__EXERCISE PROMPT__: Transcribe nothing except the lines below that run from the one with "Dodger stadium los angeles california usa 1970 stock" to the one with "marko tsourkan gyutos", ends included, and do not copy any picture.

__INFORMATION SUPPLIED__:
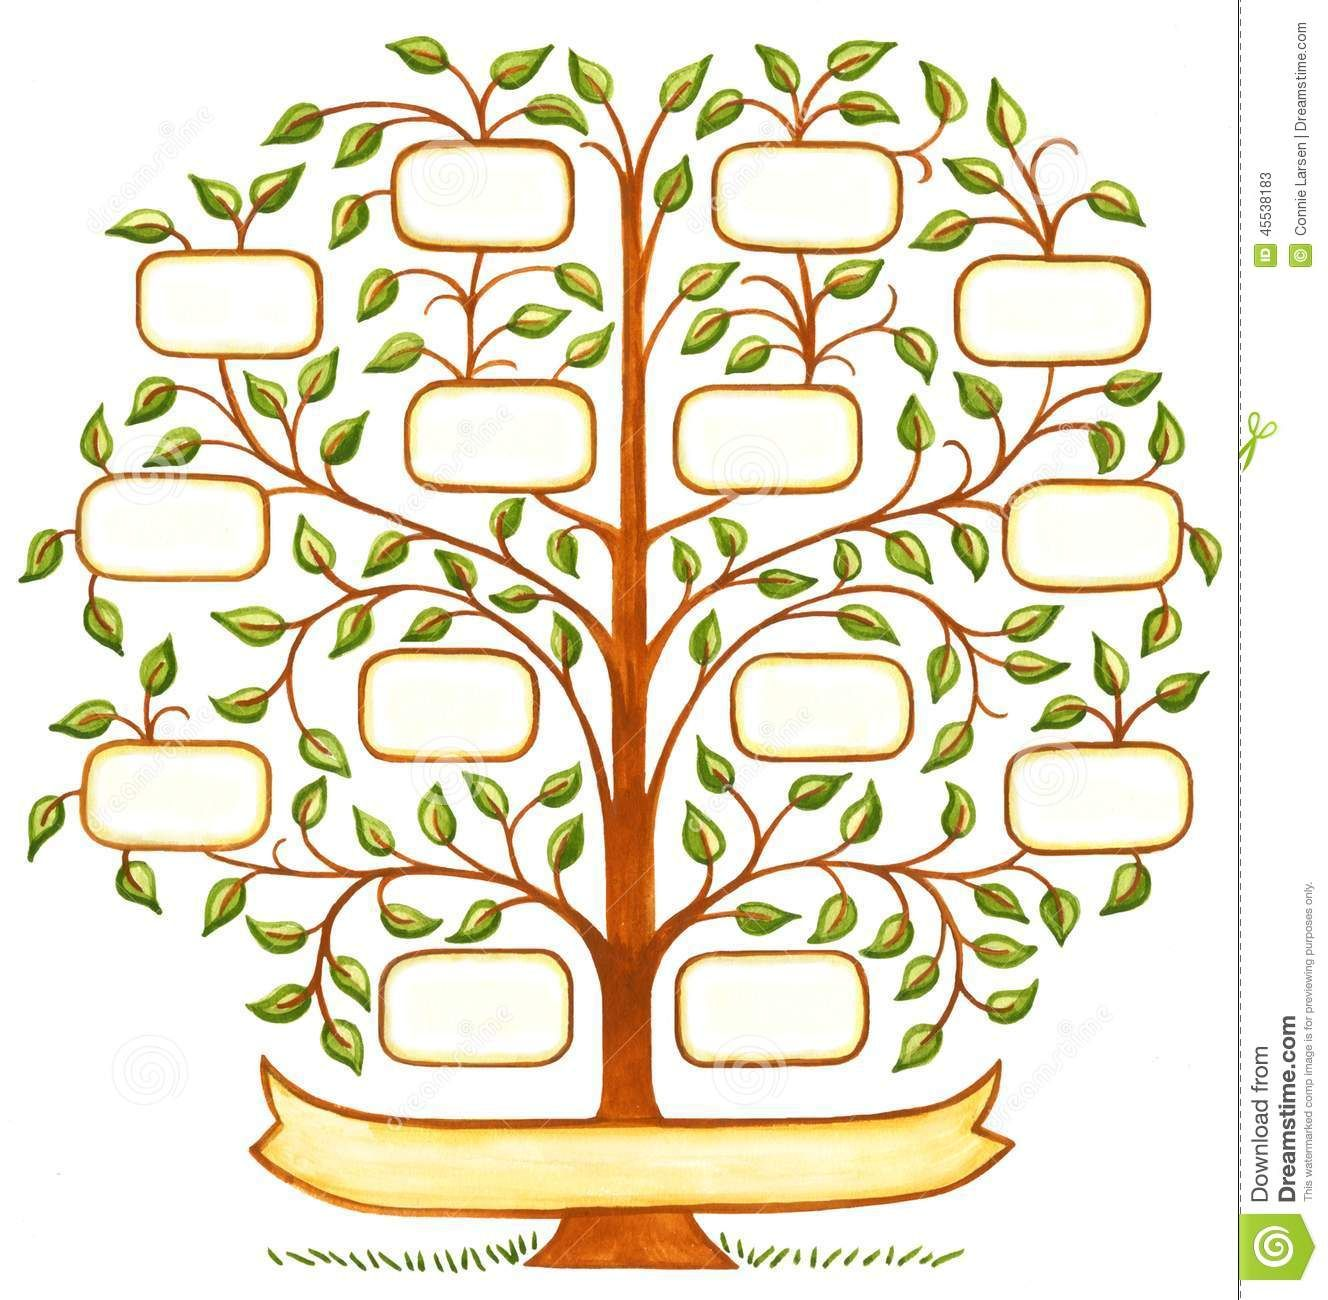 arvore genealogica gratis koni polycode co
* * *
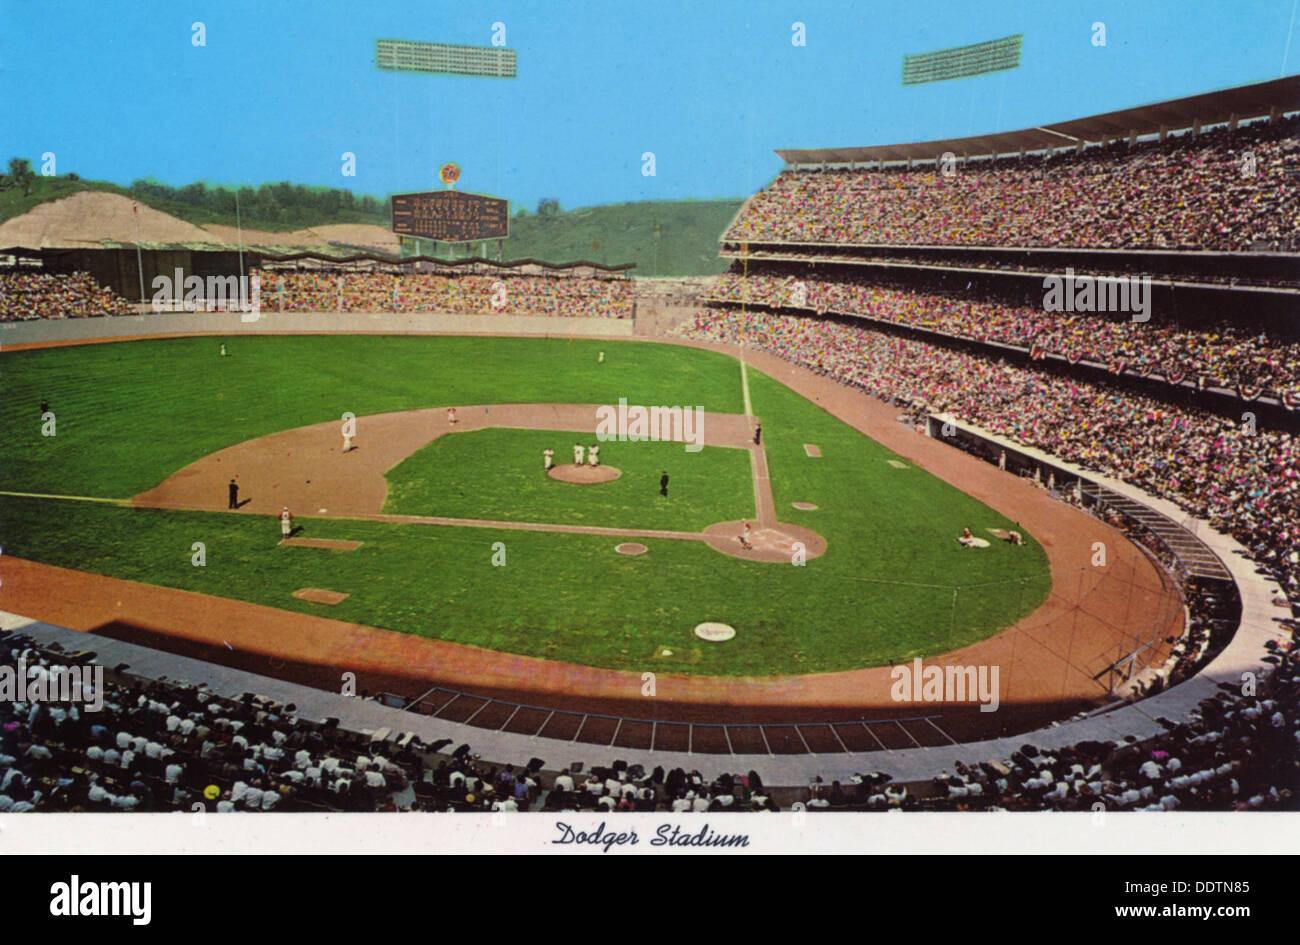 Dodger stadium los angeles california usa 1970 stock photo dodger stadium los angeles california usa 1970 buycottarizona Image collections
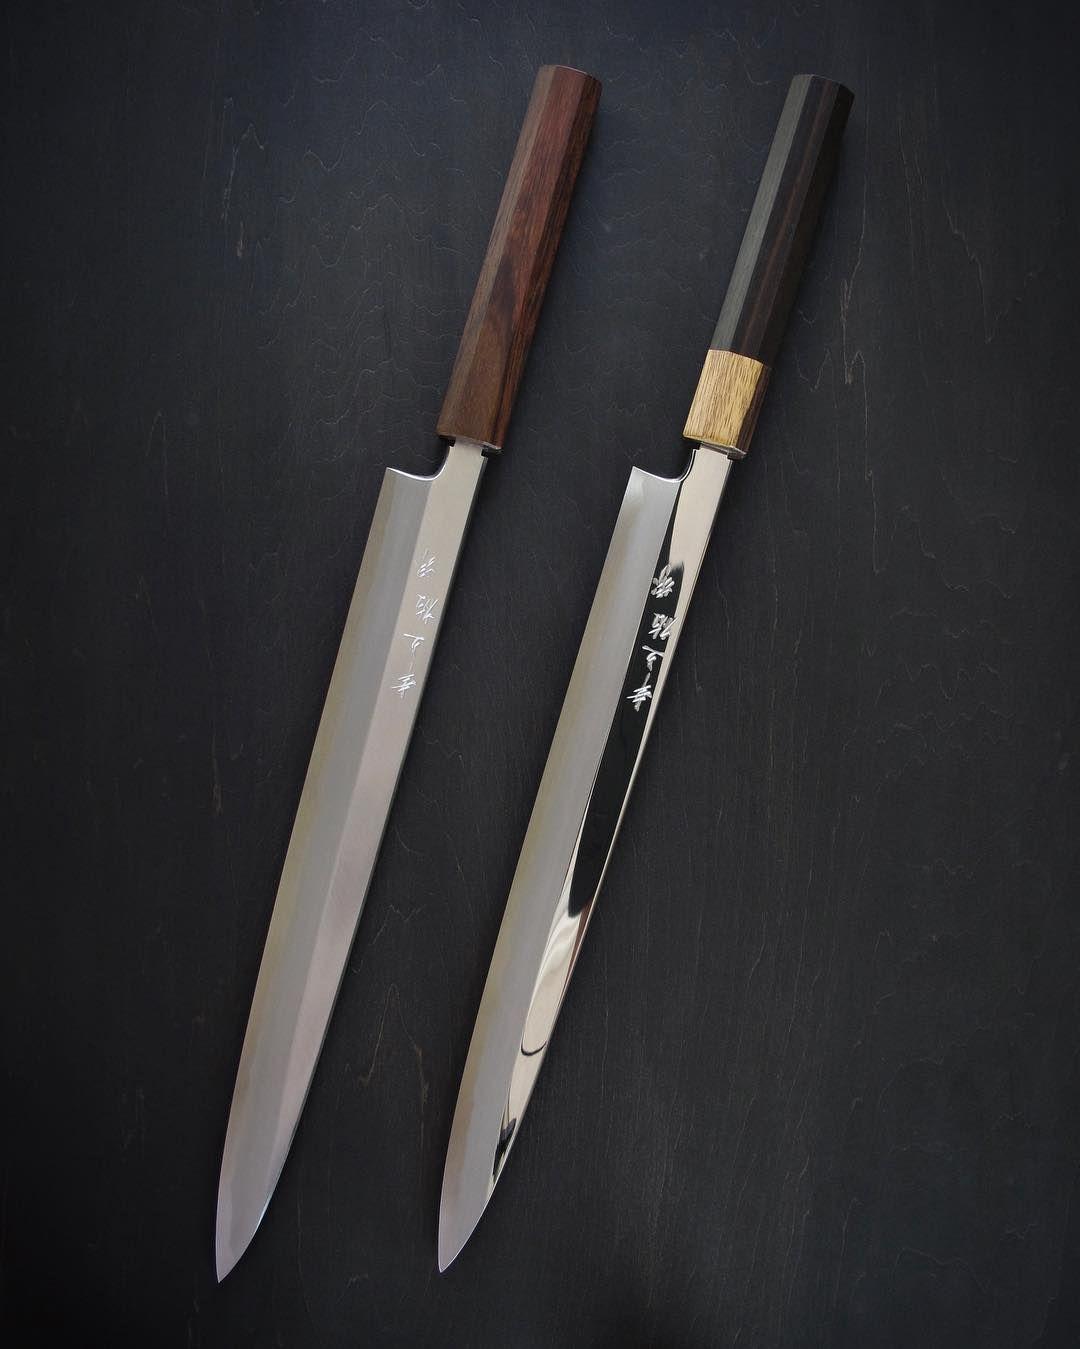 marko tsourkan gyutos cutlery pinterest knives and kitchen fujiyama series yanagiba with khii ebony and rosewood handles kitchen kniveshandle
...
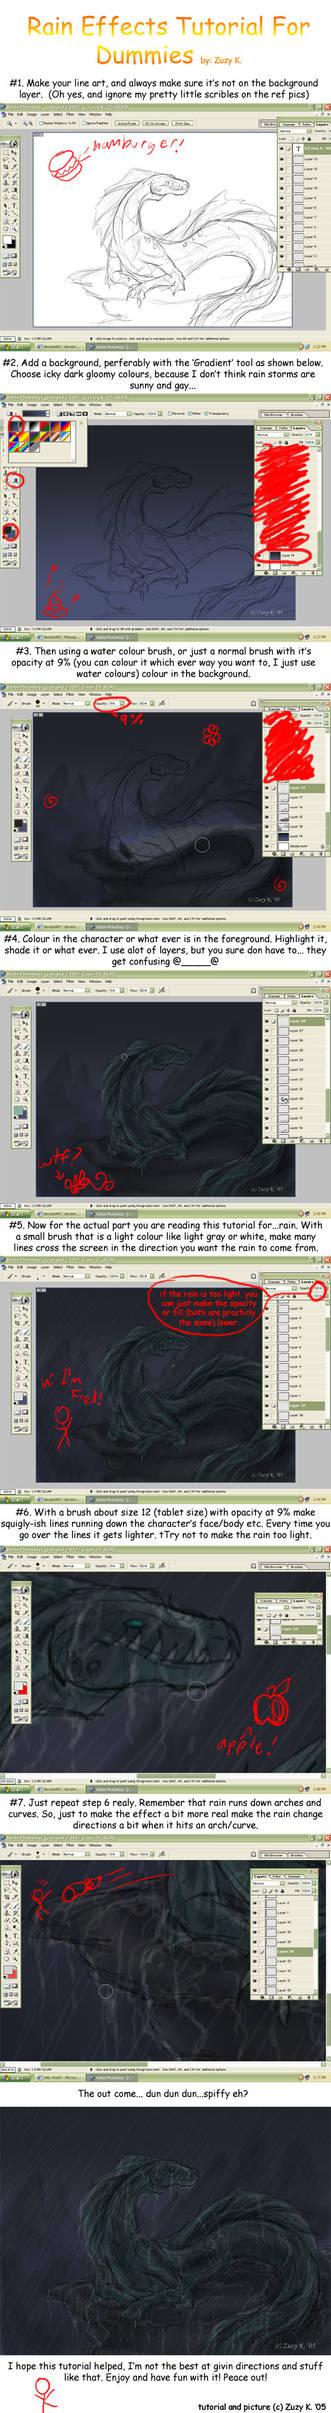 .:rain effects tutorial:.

__ANSWER TO THE EXERCISE__:
 Dodger stadium los angeles california usa 1970 stock photo dodger stadium los angeles california usa 1970 buycottarizona Image collections
 marko tsourkan gyutos cutlery pinterest knives and kitchen fujiyama series yanagiba with khii ebony and rosewood handles kitchen kniveshandle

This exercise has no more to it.